Andre Ellington, Lardarius WebbRB Andre Ellington

Stats: 24 carries, 160 yards, two rushing touchdowns

Pace: 48 carries, 320 yards, four rushing touchdowns

Ellington entered the season as the team’s starting running back, but quickly lost that job due to injury and the surprisingly effective play of Chris Johnson. Since his return to the field in Week 5 Ellington has seen a very minimal role, even while Cardinals coach Bruce Arians has claimed the third-year pro will see an increase in snaps. That could happen, sure, and probably will in certain situations. But eight games into this season it appears Ellington will not be the player many thought he would be, albeit for a variety of different reasons.

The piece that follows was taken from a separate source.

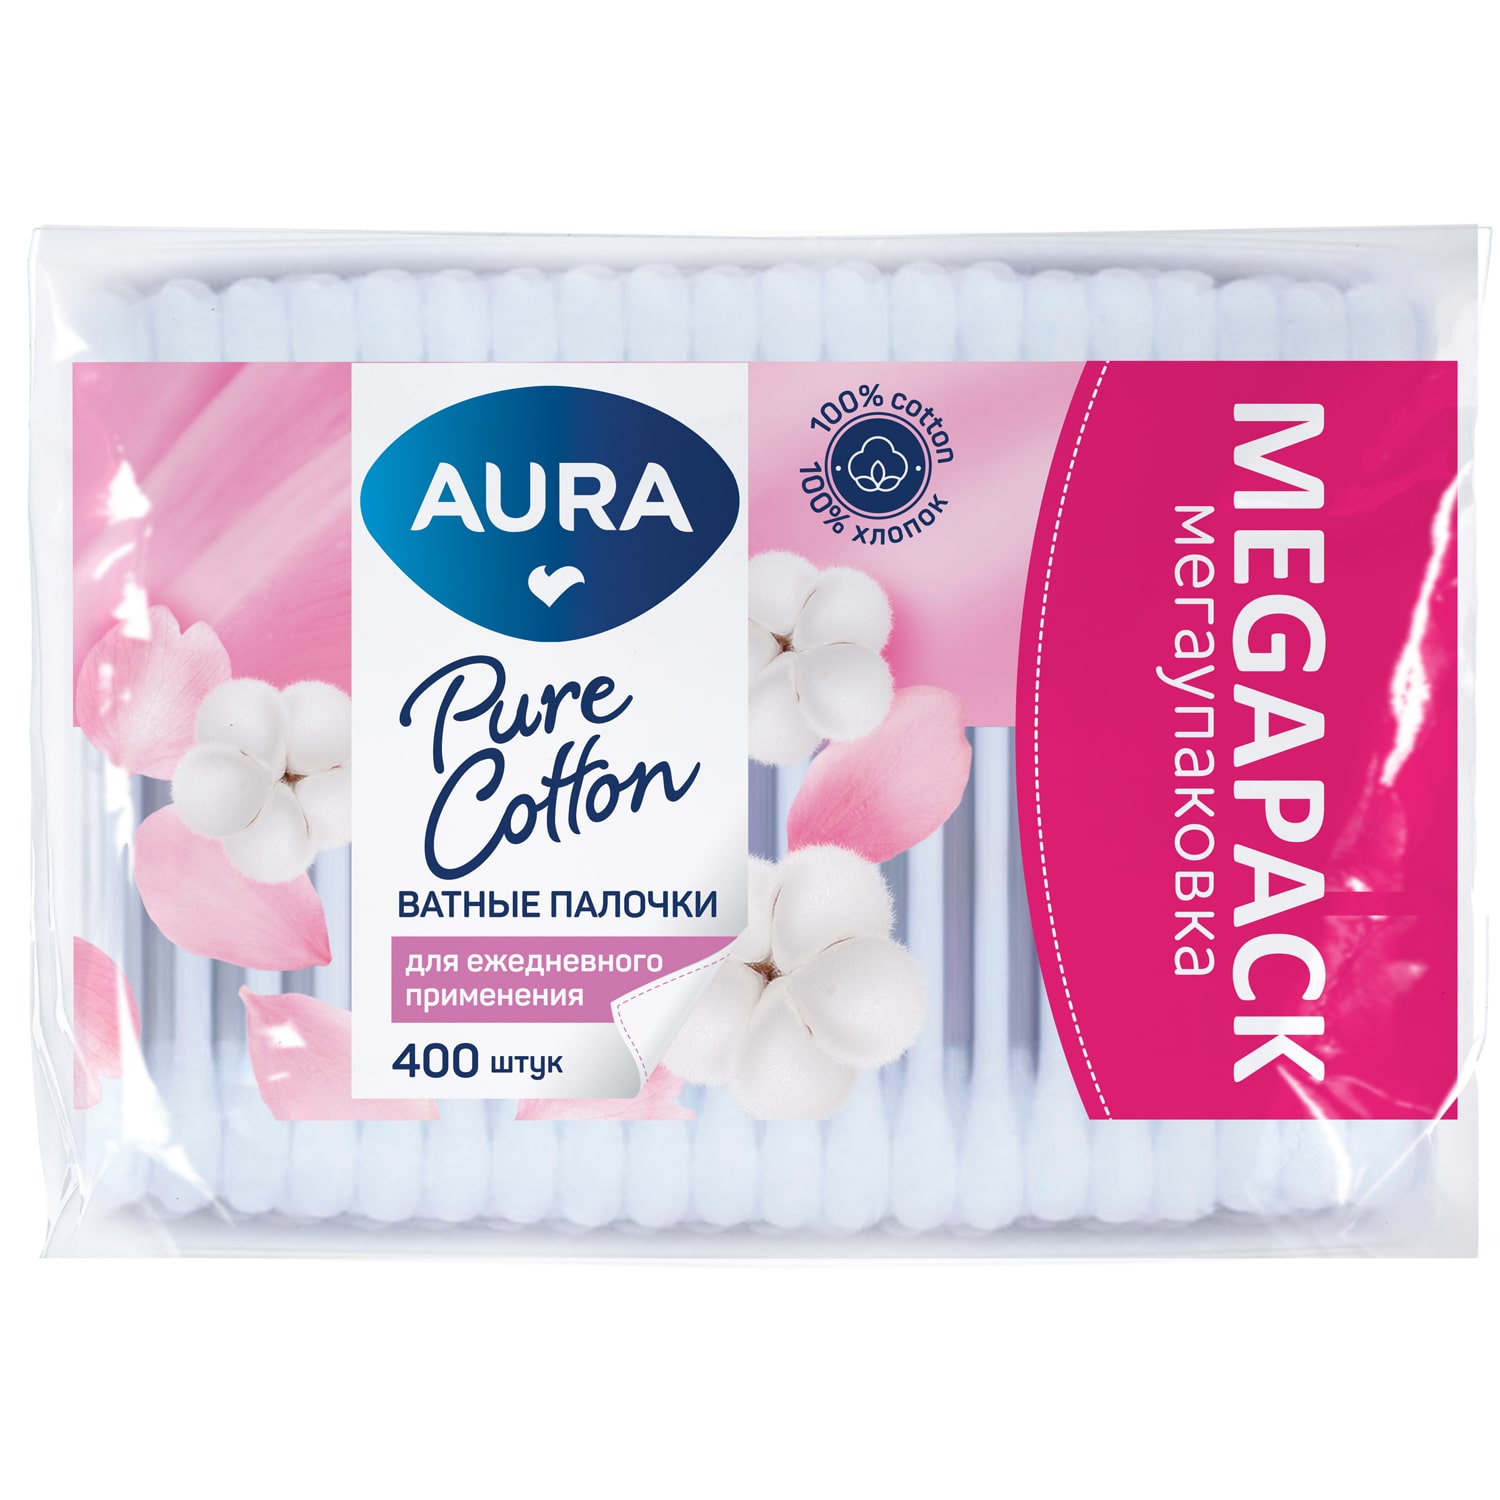 Aura Ватные палочки для ежедневного применения Pure Cotton в полиэтилене с автозапайкой, 400 шт (Aura, Гигиена) цена и фото

Drew Brees , Sean WeatherspoonLB Sean Weatherspoon

Stats: Six total tackles

Pace: 12 total tackles

Cardinals GM Steve Keim is renowned for his ability to find value with one-year contracts, and many thought Weatherspoon would be the latest in a long line of success stories if he could just stay healthy. The former Atlanta Falcon has done that, but just cannot find his way onto the field in any consistent role. He did see some snaps in Week 8 against Cleveland and could still find a role — especially if there are injuries to the team’s linebackers — but otherwise this year may go down as one where the former first-round pick proved he could stay healthy but not that he can play at a high level.

Jermaine GreshamTE Jermaine Gresham

Stats: 11 receptions, 132 yards, zero touchdowns

Pace: 22 receptions, 264 yards, zero touchdowns

Much was expected of the former Pro Bowler when he joined the Cardinals, but Gresham started the season off slow as Darren Fells gobbled up what few passes went to a tight end. However, with Fells sidelined the former Cincinnati Bengal began to reemerge as a target in the passing game, with six of his catches and 81 of his yards coming over the final two games before the bye week. While he is not likely to be featured in the passing game, his history — both as a productive pass catcher as well as with Carson Palmer — should allow him to maintain at least some sort of role, which would likely lead to his final statistics being better than what he is currently on pace for.

Bobby MassieRT Bobby Massie

Stats: Six games played, six games started

Pace: 12 games played, 12 games started

Obviously Massie’s pace is irrelevant, at least in games, because he missed the first two due to a suspension. Assuming he stays healthy, the fourth-year pro should start in 14 games, though according to ProFootballFocus, Massie has been the weak link along Arizona’s much-improved offensive line. He has shown flashes of excellence in the past, which is reason enough to believe he could improve. He may have to, especially if first-round pick D.J. Humphries — also a right tackle — is improving as quickly as the coaches say he is.

Calais CampbellDL Calais Campbell

Stats: 40 total tackles, 1.5 sacks, eight tackles for loss

Pace: 80 total tackles, 3.0 sacks, 16 tackles for loss

Now, before you get all up in arms, it is not as if Campbell is having a terrible season, especially given that he’s kind of learning a new position as he has moved inside much of the time. He’s on pace to notch the most tackles in his career, which would be good, but he would also record the fewest number of sacks since he didn’t tally any as a rookie, which would be bad. Arians said Campbell, who reached his first Pro Bowl last season, has the talent to dominate a football game and has shown he’s capable, but “he needs to do it all the time.” Fair enough.